Entry checklist

Options strike selection checklist

Strike selection changes the trade before the order is ever sent. A journal note about strike choice helps you review whether the position matched the intended risk, time horizon, and management plan instead of treating every contract on the chain as interchangeable.

Why strike selection deserves its own journal field

Traders often record the strategy and expiration but skip why a specific strike was chosen. That makes reviews weaker because the strike controls sensitivity, premium paid or collected, assignment pressure, and how much room the trade has before management becomes necessary.

This checklist works best with the trade plan template, position sizing checklist, liquidity checklist, and implied volatility checklist. Those pages describe the broader setup context. This page preserves why one strike fit that context better than the alternatives.

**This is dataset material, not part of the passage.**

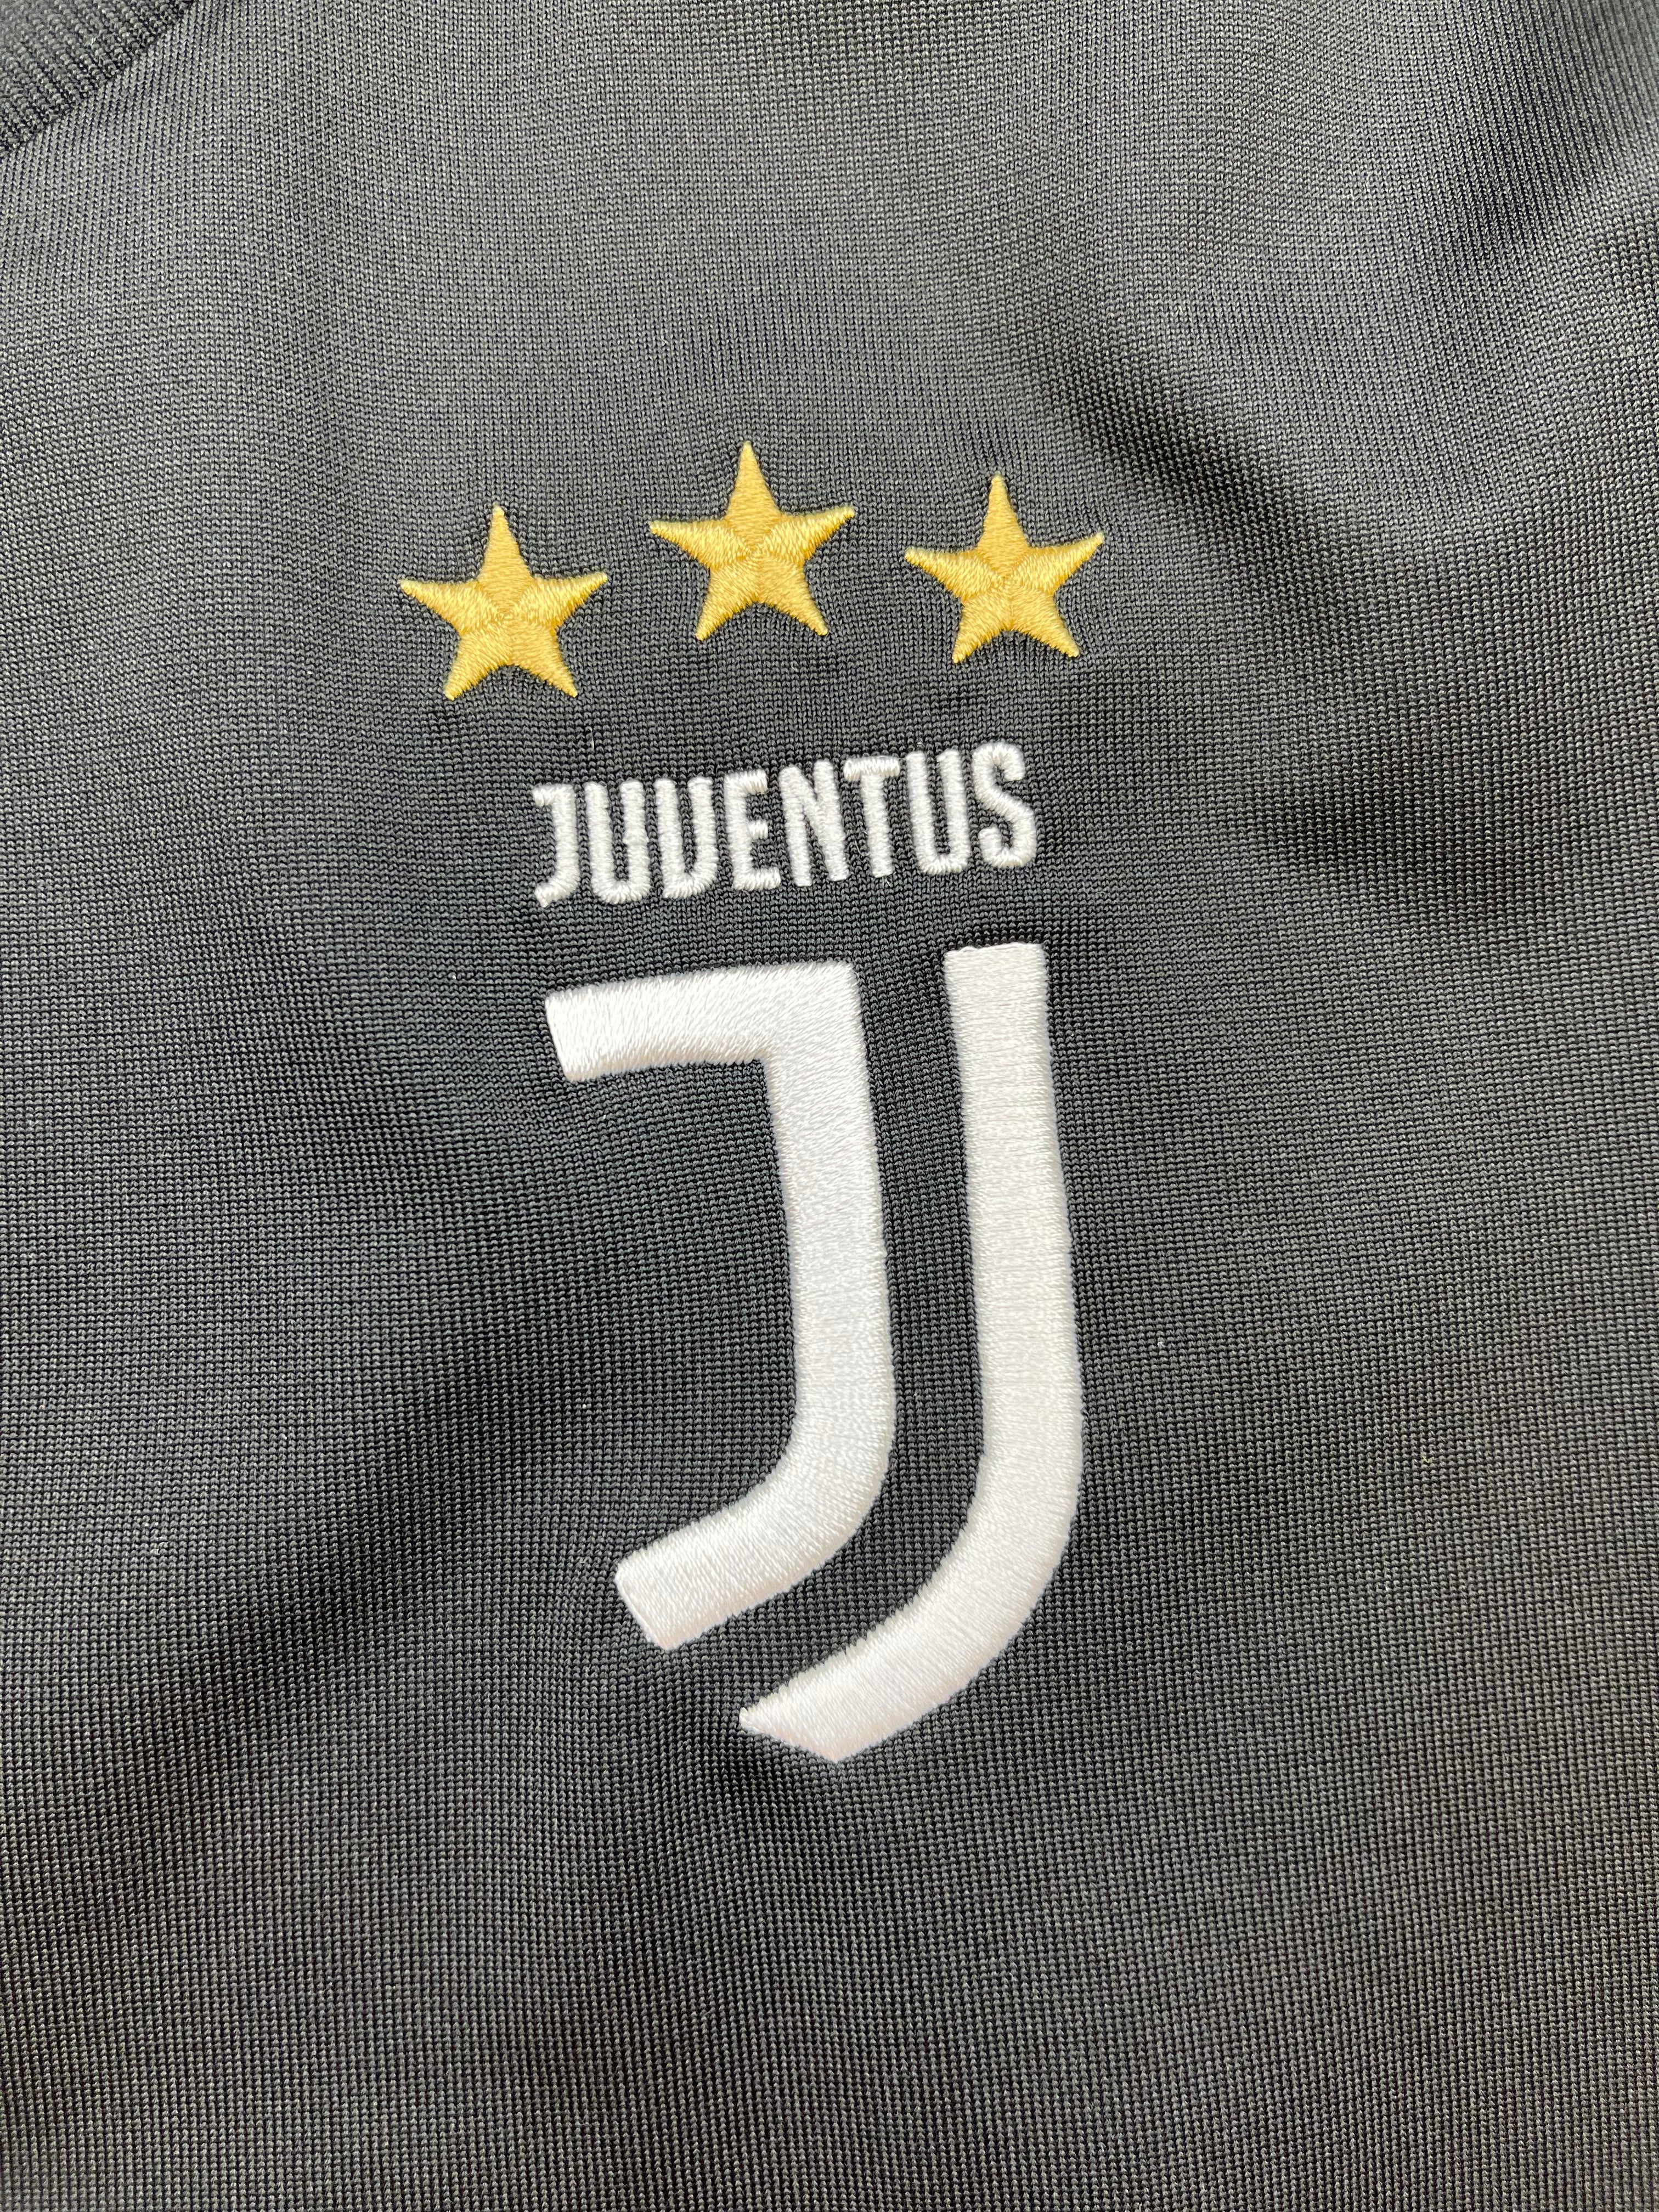 2019/20 Juventus Home Shirt (L) 9/10

Pre-trade strike selection checklist

  1. Write the trade intent first. Note whether the strike is meant to express directional exposure, premium collection, hedge efficiency, assignment intent, or a defined-risk structure.
  2. Record moneyness clearly. Preserve whether the strike was in, at, or out of the money so reviews can compare how much intrinsic versus extrinsic exposure the setup carried.
  3. Check liquidity before preference. If the preferred strike trades poorly, log whether you moved to a more liquid strike rather than forcing the original choice.
  4. Tie the strike to the risk plan. Note how the strike choice affects max loss, breakeven pressure, and contract count in the max loss checklist and sizing workflow.
  5. Match the strike to the time horizon. Record whether the strike needs a fast move, a slow grind, or only stable price action to behave as planned.
  6. Note event sensitivity. Preserve whether earnings, dividends, or expiration-week pressure made a closer or farther strike more appropriate.
  7. Define the review question. Add one sentence you can test later, such as whether the strike gave enough room for the setup to work without overpaying for optionality.
Simple rule: if you cannot explain why this strike was better than the next nearby alternative, the journal is probably missing part of the entry decision.

Journal fields worth keeping

FieldWhy it mattersExample note
Strike rationalePreserves the choice in plain languageChosen for cleaner premium collection while keeping assignment acceptable
MoneynessSupports later comparison across similar tradesShort strike moderately out of the money at entry
Liquidity noteShows whether execution changed the preferred strikeMoved one strike wider because spread quality was better
Risk impactConnects strike to sizing and downsideFarther strike reduced credit but kept max loss inside plan
Management implicationExplains how the strike affects later choicesCloser strike needs faster review if delta expands early

Common strike-selection tradeoffs

TradeoffWhat to captureRelated guide
More premium vs more roomWhether the chosen strike favored income or distance from the underlyingProfit target checklist
Higher delta vs lower costWhether sensitivity or capital efficiency mattered moreGreeks checklist
Tighter strike vs better liquidityWhether execution quality forced a different chain locationLiquidity checklist
Closer strike vs event safetyWhether earnings or dividends required more roomEarnings checklist

Post-trade review prompts

  • Did the strike support the original thesis, or did it require a faster move than expected?
  • Did liquidity or slippage make the chosen strike harder to execute than the plan assumed?
  • Would a different strike have improved position size, assignment risk, or management flexibility?
  • Did time decay or volatility pressure behave as expected for this strike location?
  • Should this setup use a more explicit strike rule in the next playbook revision?

These prompts pair well with the trade review scorecard and the trading playbook template so strike choice becomes a repeatable process input instead of a vague afterthought.

Common strike-selection mistakes in journals

  • Recording the strike number but not the reason it fit the setup.
  • Choosing a strike from premium alone without noting the added management pressure.
  • Ignoring liquidity differences between nearby strikes.
  • Reviewing a bad outcome without checking whether the strike required an unrealistic move or hold time.
  • Using different strike logic for similar setups without updating the written playbook.

Use this checklist with the trade plan template, position sizing checklist, liquidity checklist, implied volatility checklist, greeks checklist, and trade entry checklist to keep strike choice visible from planning through review.

FAQ

What should I record when choosing an options strike?

Record why the strike fit the trade intent, how far in, at, or out of the money it was, whether liquidity supported the size, and what exit assumptions depended on that choice.

Is delta enough to choose a strike?

No. Delta can be a useful shorthand, but good strike selection also considers liquidity, event risk, time horizon, and how the position will be managed.

Should strike selection be reviewed after the trade closes?

Yes. Review whether the strike supported the thesis, whether decay and volatility behaved as expected, and whether a different strike would have made the trade easier to size or manage.